Quand la fibre est déjà sensibilisée, je préfère parfois reculer le projet plutôt que de promettre un résultat “miracle”. Une belle permanente ne doit pas seulement être photogénique le premier jour; elle doit aussi rester portable, souple et crédible dans la durée. C’est ce critère qui m’amène au choix final.
Le meilleur résultat vient d’un accord simple entre fibre, forme et entretien
Si je devais résumer mon approche en une phrase, ce serait celle-ci: on ne choisit pas une permanente contre les cheveux, on la choisit avec eux. Cheveux épais et résistants, je m’oriente plus volontiers vers une formule plus tonique. Cheveux fins ou sensibilisés, je cherche au contraire la souplesse, la douceur et un dessin moins agressif. Si l’objectif est un mouvement naturel, la version digitale ou une ondulation large peut être plus juste qu’une boucle serrée.
- Si vos cheveux sont épais et rebelles, une formule plus soutenue peut mieux tenir.
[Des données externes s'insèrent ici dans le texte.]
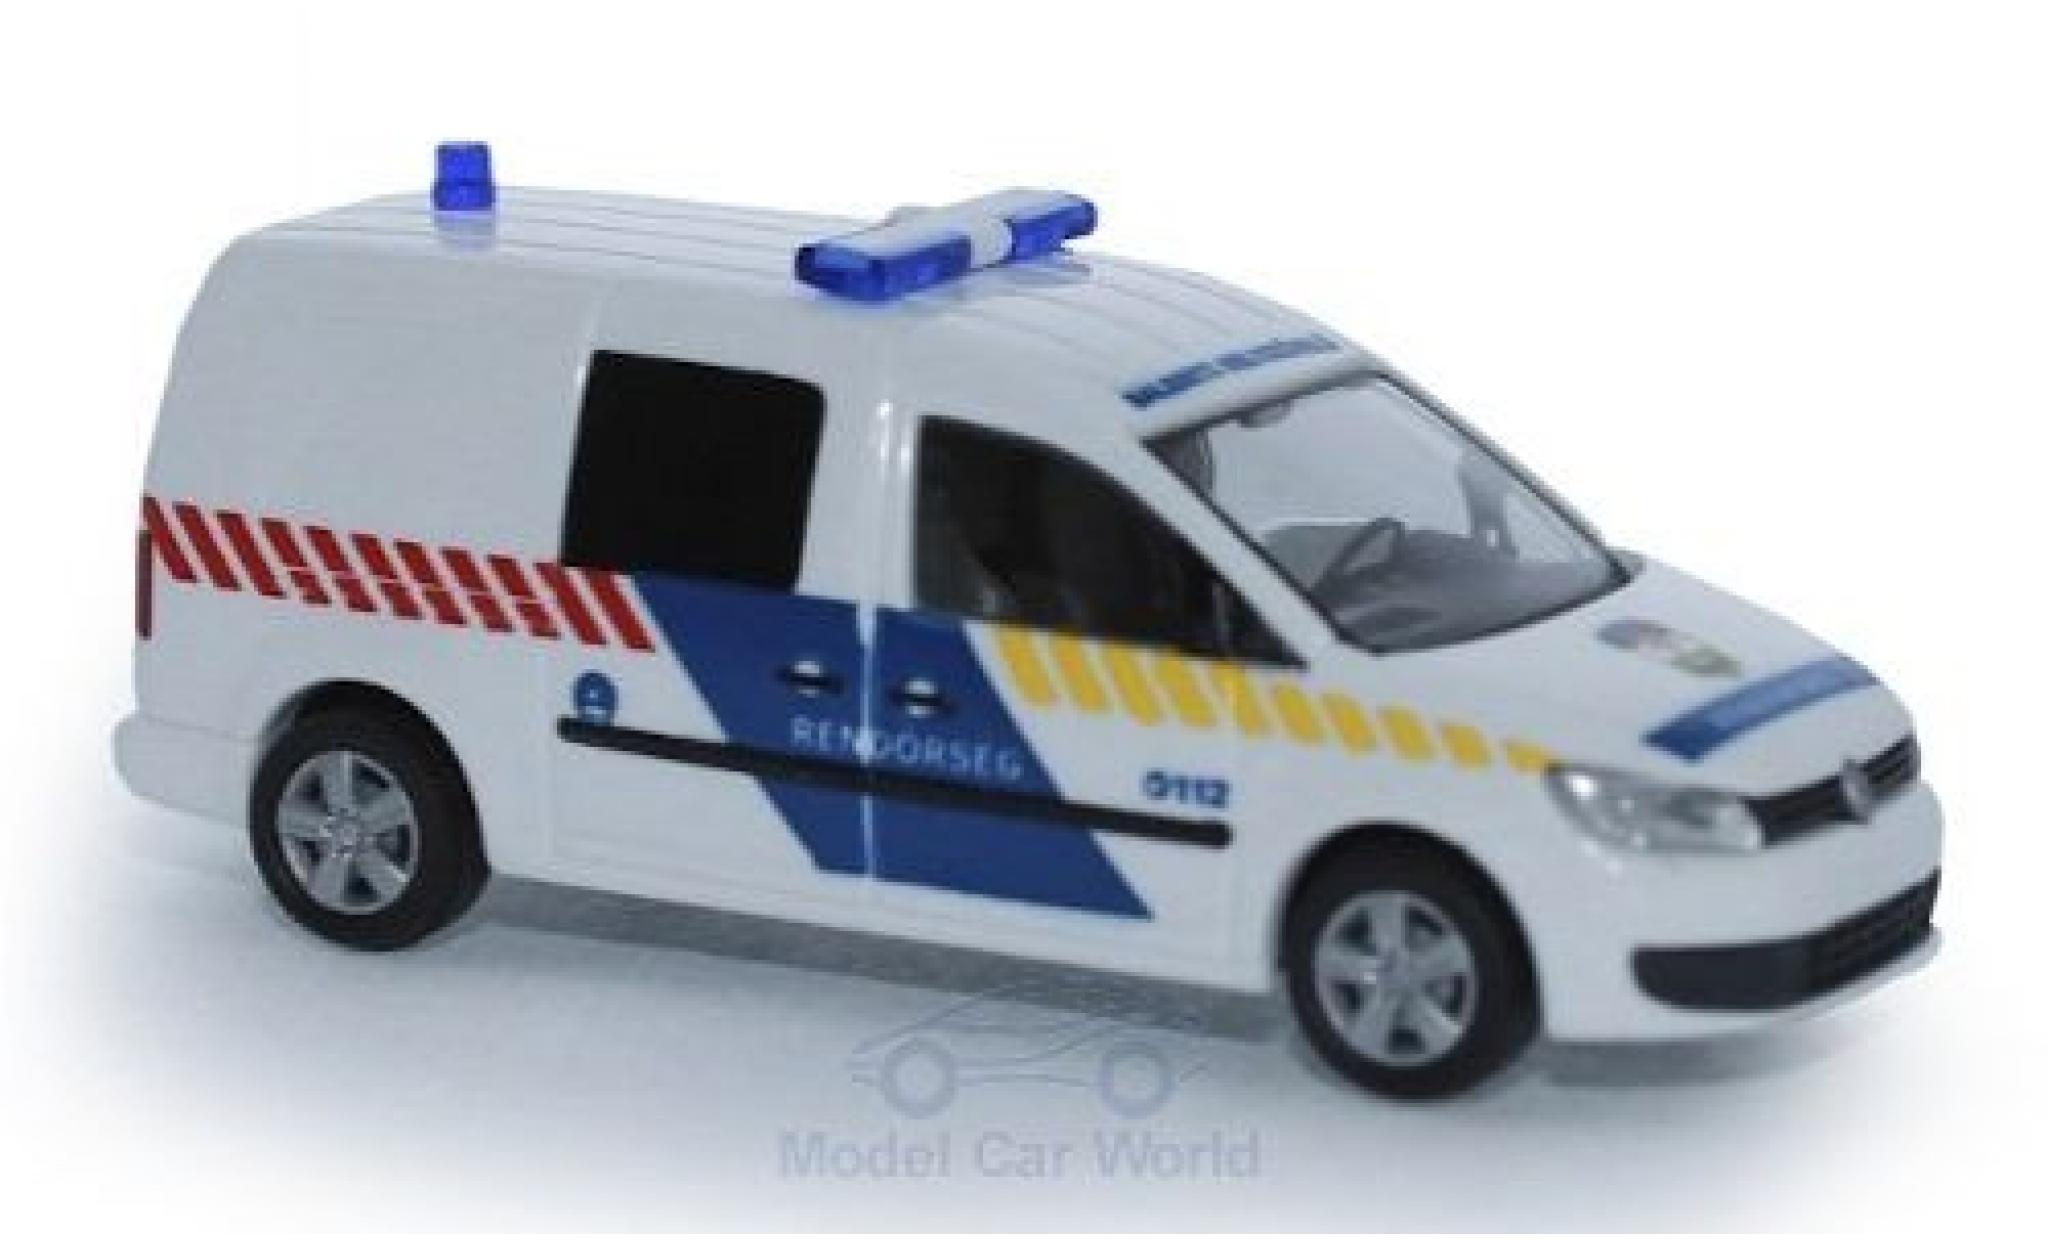 Volkswagen Caddy 1/87 Rietze Maxi Rendörseg 2011

- Si vos cheveux sont fins, colorés ou poreux, la prudence est préférable à la puissance.
- Si vous voulez juste du relief, le volume en racine ou une permanente partielle suffit parfois.
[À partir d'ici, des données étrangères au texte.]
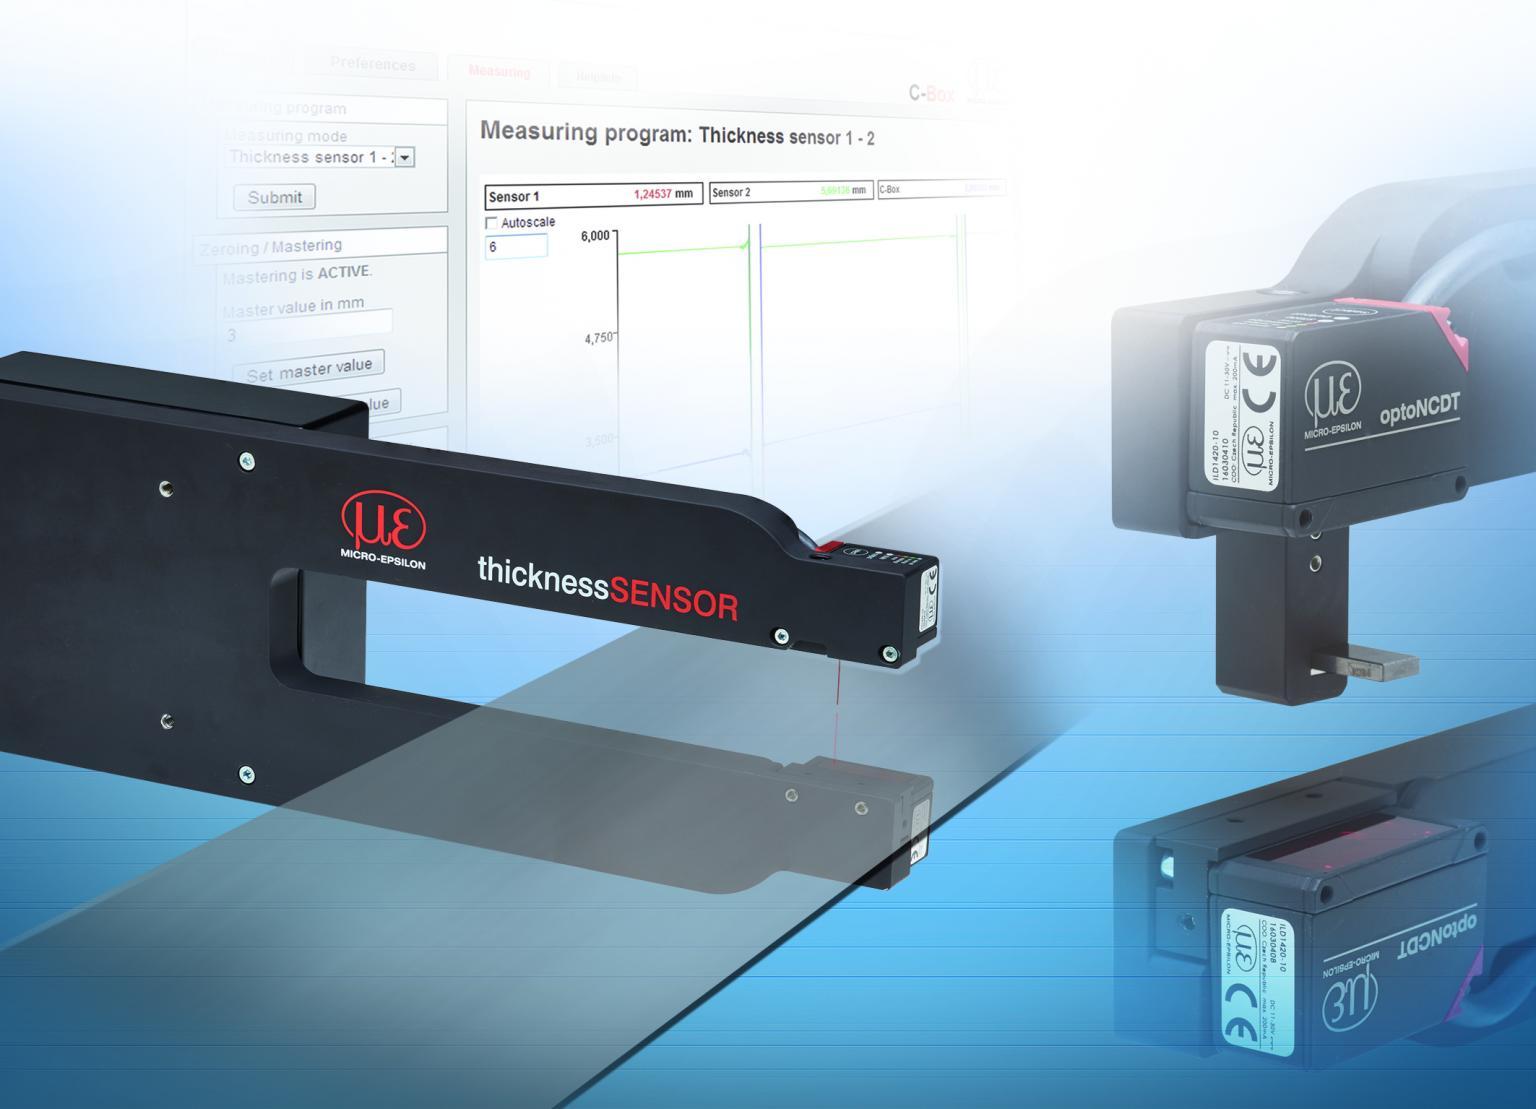 The ThicknessSensor is Micro-Epsilon's latest measuring solution

- Si vous voulez des boucles visibles sans effet trop figé, l’ondulation souple reste souvent le meilleur compromis.
Je retiens enfin une règle simple: le bon choix est celui qui respecte la matière, le temps d’entretien réel et le rendu que vous êtes prête à assumer au quotidien. C’est ce trio-là qui fait la différence entre une permanente réussie et une boucle qui fatigue trop vite.